Markram leaves without making a mark before SA steady the ship

12 January 2022 - 13:10
Aiden Markram during his brief stint at the crease in SA's first innings at Newlands.
Aiden Markram during his brief stint at the crease in SA's first innings at Newlands.

The day started disastrously for SA when they lost another opener and their night watchman on the second day of the final Test against India here at Newlands on Wednesday.

SA resumed their first innings on 17/1 having seen captain Dean Elgar depart late on the opening day and had reached 100/3 at lunch with Keegan Petersen (40 not out) and Rassie van der Dussen (17 not out) steering them to calmer waters.

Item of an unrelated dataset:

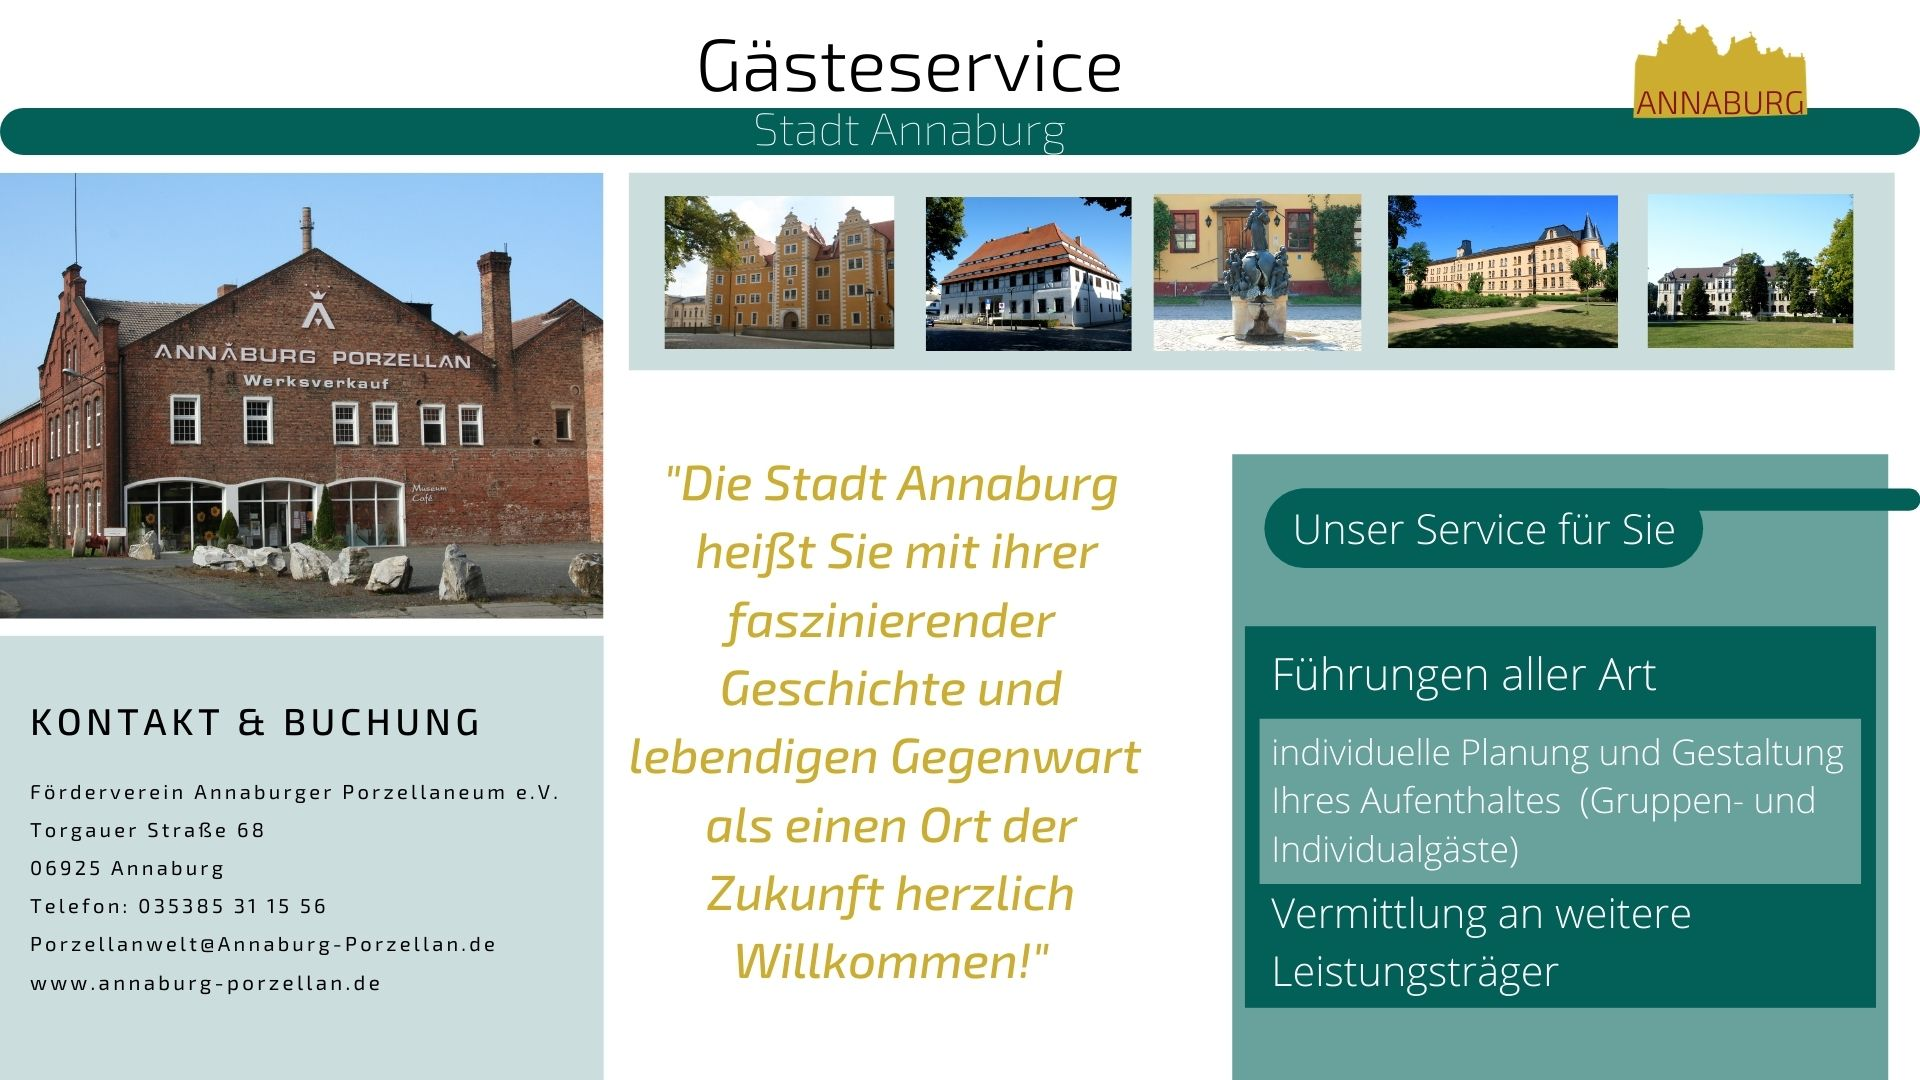 Angaben zum Gästeservice
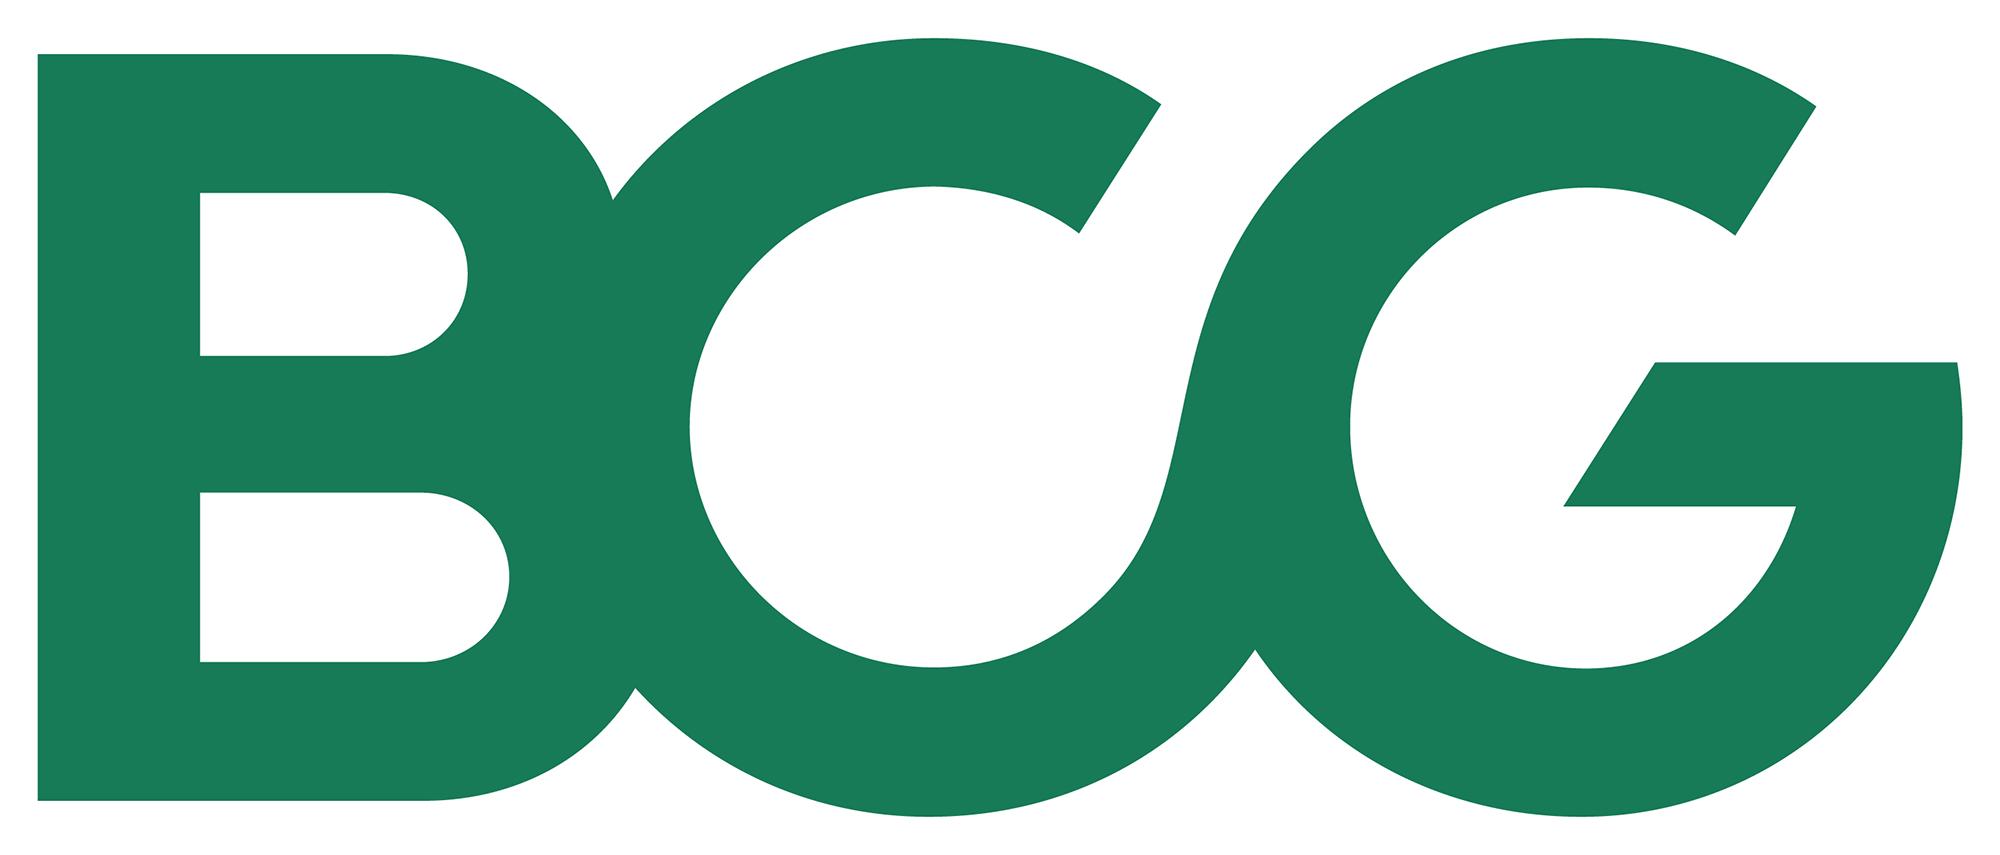 boston_consulting_group_logo_monogram.png

However, they started the day on a poor footing. Aiden Markram edged the first delivery of the day just short of gully but Jasprit Bumrah's second ball had far more devastating consequences.

The opener, who is developing a history of questionable judgment when leaving deliveries outside off stump, was again castled by a ball that admittedly nipped back appreciably.

Markram dragged his dejected frame from the field, no doubt aware that his latest action, or inaction, would provide more fodder to the debate about his Test credentials.

He has been leaving with all the conviction of a Brexiteer, but it only in part explains a scoring sequence of 0, 4, 13, 1, 7, 31 and 8 in his most recent Test innings.

Unlike Virat Kohli, who on day one delivered a master class in leaving deliveries he felt did not require intervention, Markram needs to recalibrate.

Freeze-frame images have emerged that suggest the opener had adjusted his guard from off stump to middle, which may have been his way of negating the threat of being trapped LBW.

His Test average has slumped, but is still a respectable 37.52. But he needs an innings of substance to restore belief, most importantly in himself.

Technical deficiencies are there to be identified and ironed out. Confidence, however, is a commodity that comes through the repetition of good practices.

Bumrah, of course, is a master practitioner at identifying weaknesses and exposing them ruthlessly.

He teased and tormented the SA batters and rarely did the ball meet the middle of the bat when he delivered it from the Kelvin End.

He at times made the wicket appear treacherous.

Keshav Maharaj, meanwhile, lived a charmed existence but middled enough deliveries to be top scorer on the SA batting card for much of the morning.

Maharaj rarely gets bogged down and his unshackled approach helped him reach 25 before his number was up. The night watchman left the gate open and was bowled between bat and pad by Umesh Yadav.

For the second time in the morning session the bails took abrupt flight, sending India into rapture. With SA on 45/3, India's 223 looked sub-par no more.

Petersen and Van der Dussen quietly went about restoring the innings. While Van der Dussen was typically crafty in pushing and prodding the ball into gaps to rotate the strike, Petersen unleashed the odd gem in his stroke play arsenal. SA will need more of the same after the break.